Fortenberry argued alternatively that his contract with the Cowboys specified Dallas County required the dispute to be adjudicated there and that Great Divide had a principal office in Irving. The court didn’t go for either of these arguments, as Great Divide’s Irving office did not contain any corporate decision-makers, just agents and representatives. By the same token, however, Great Divide could not establish venue in Travis County just because it designated a law firm in Austin as its statutorily required representative to the DWC. Because the law firm only served as Great Divide’s agent for notice and filing workers’ compensation-related documents with the agency, it did not meet the test for a principal office. The court concluded that since neither party could establish proper venue, it had to send the case back to the trial court for further proceedings on the venue issue. For that reason, the court did not reach Great Divide’s other issues, which challenged the jury’s findings, the sufficiency of the evidence, the damages, and the trial court’s evidentiary rulings.
SCOTX reversed. In an opinion by Justice Huddle, the court reached back to a 1951 decision in Snyder v. Pitts, 241 S.w.2d 136 (Tex. 1951) for a three-prong test for determining “residence” for purposes of venue: “(1) a fixed place of abode within the possession of the defendant (2) occupied or intended to be occupied consistently over a substantial period of time (3) which is permanent rather than temporary.” As Justice Huddle observed, the cases cited in Snyder“reflect particular flexibility in establishing residency for venue purposes when a party is in the process of moving from one county to another.” The court of appeals, however, based its conclusion “on a too-rigid reading of Snyder coupled with a failure to credit evidence of facts existing at the time of Fortenberry’s injury that supports the trial court’s venue determination.” Not only might a hotel serve as one’s residence, the resident need not be physically present at the hotel at the time of the injury, as Fortenberry demonstrated in this case. Other evidence adduced by Fortenberry further indicated that he intended to reside in Dallas for an indefinite period of time while playing for the Cowboys. Finally, since Great Divide had itself stipulated during trial and at the contested case hearing that Fortenberry resided within 75 miles of its Dallas field office, the company couldn’t very well change its tune later. The court sent the case back to the trial court for consideration of Great Divide’s challenges to the DWC’s findings.
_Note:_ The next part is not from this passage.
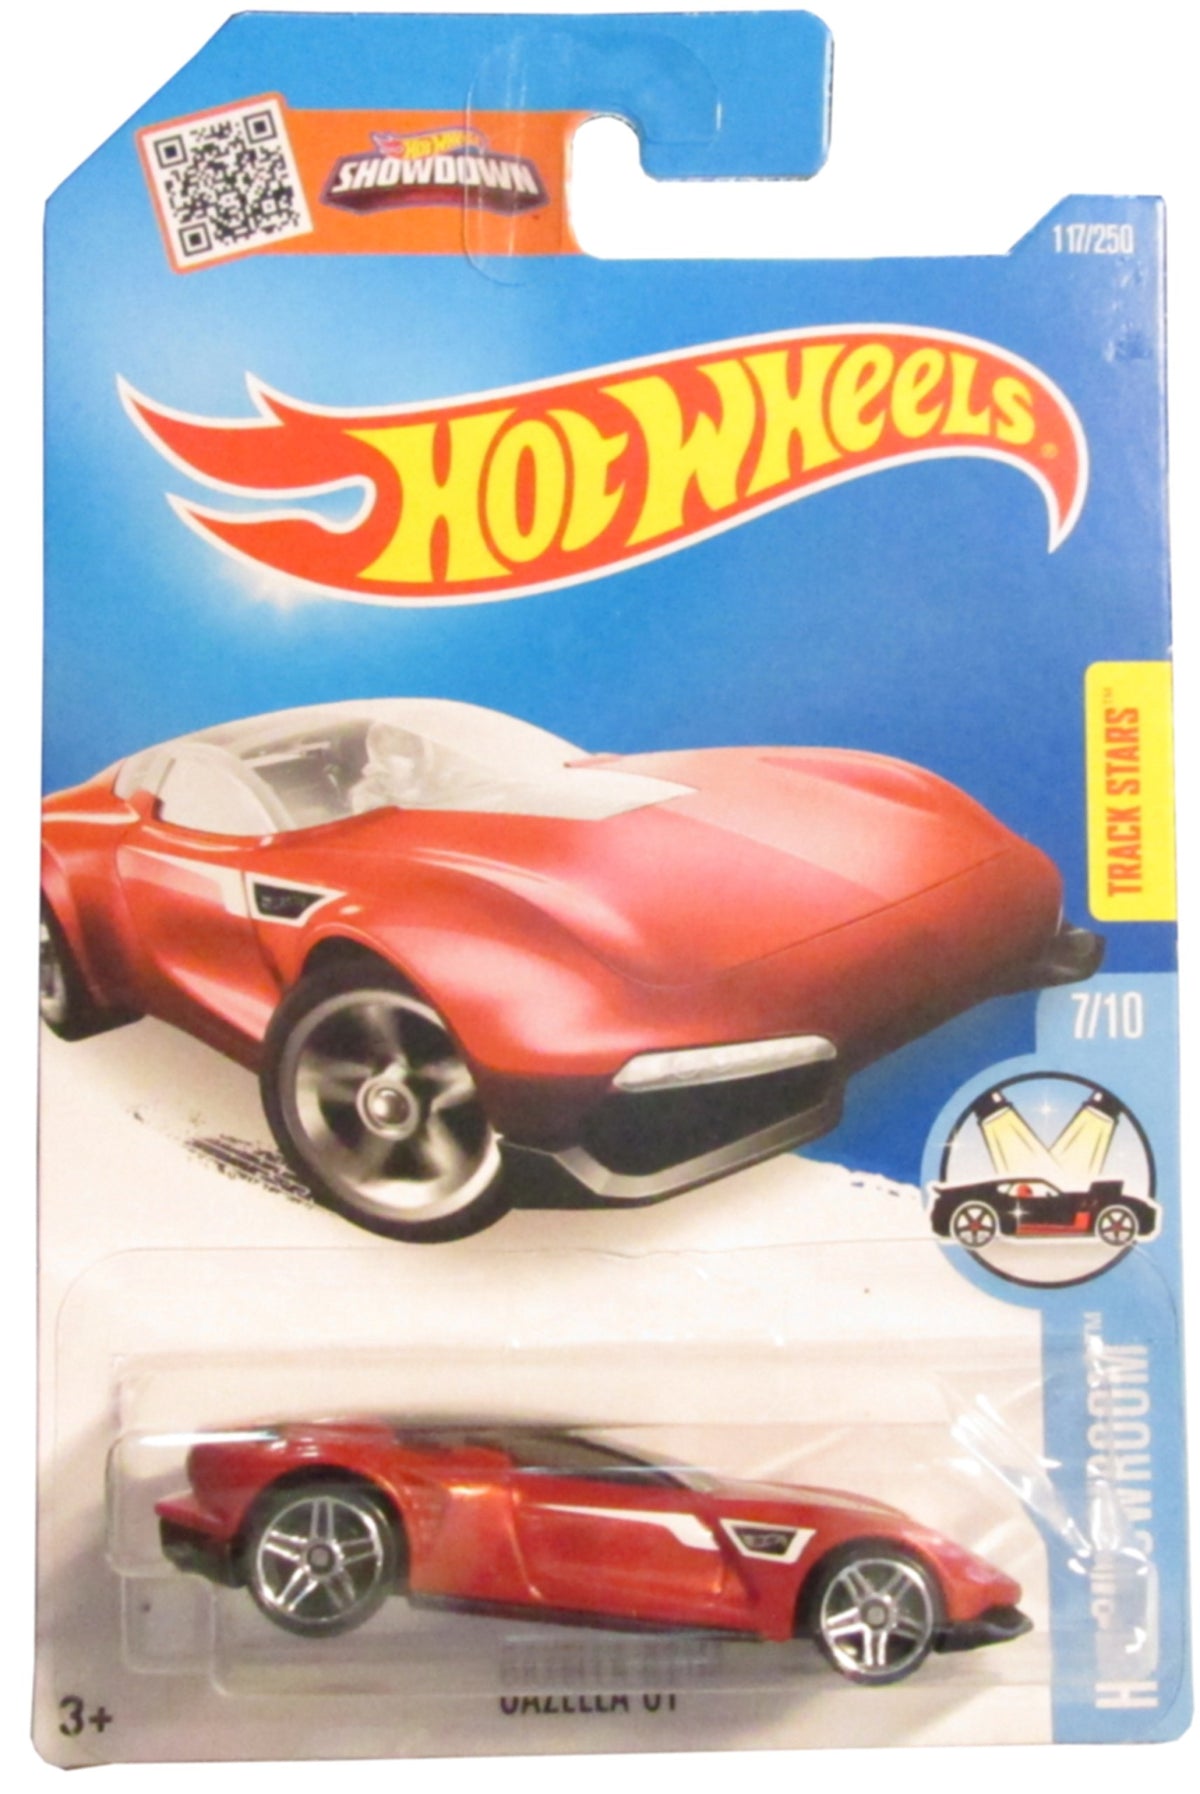 Hot Wheels HW Showroom 7/10 Gazella GT No. 117/250

This case reaffirms that Snyder is alive and well and that the meaning of “residence” for venue purposes is entirely fact-dependent and contextual. In an era in which people don’t stay in one place very long, a flexible rule is all the more necessary. As the court’s decision demonstrates, judicial efficiency demands that venue determinations should not become a regular feature of either pretrial gamesmanship or post-trial gotchas.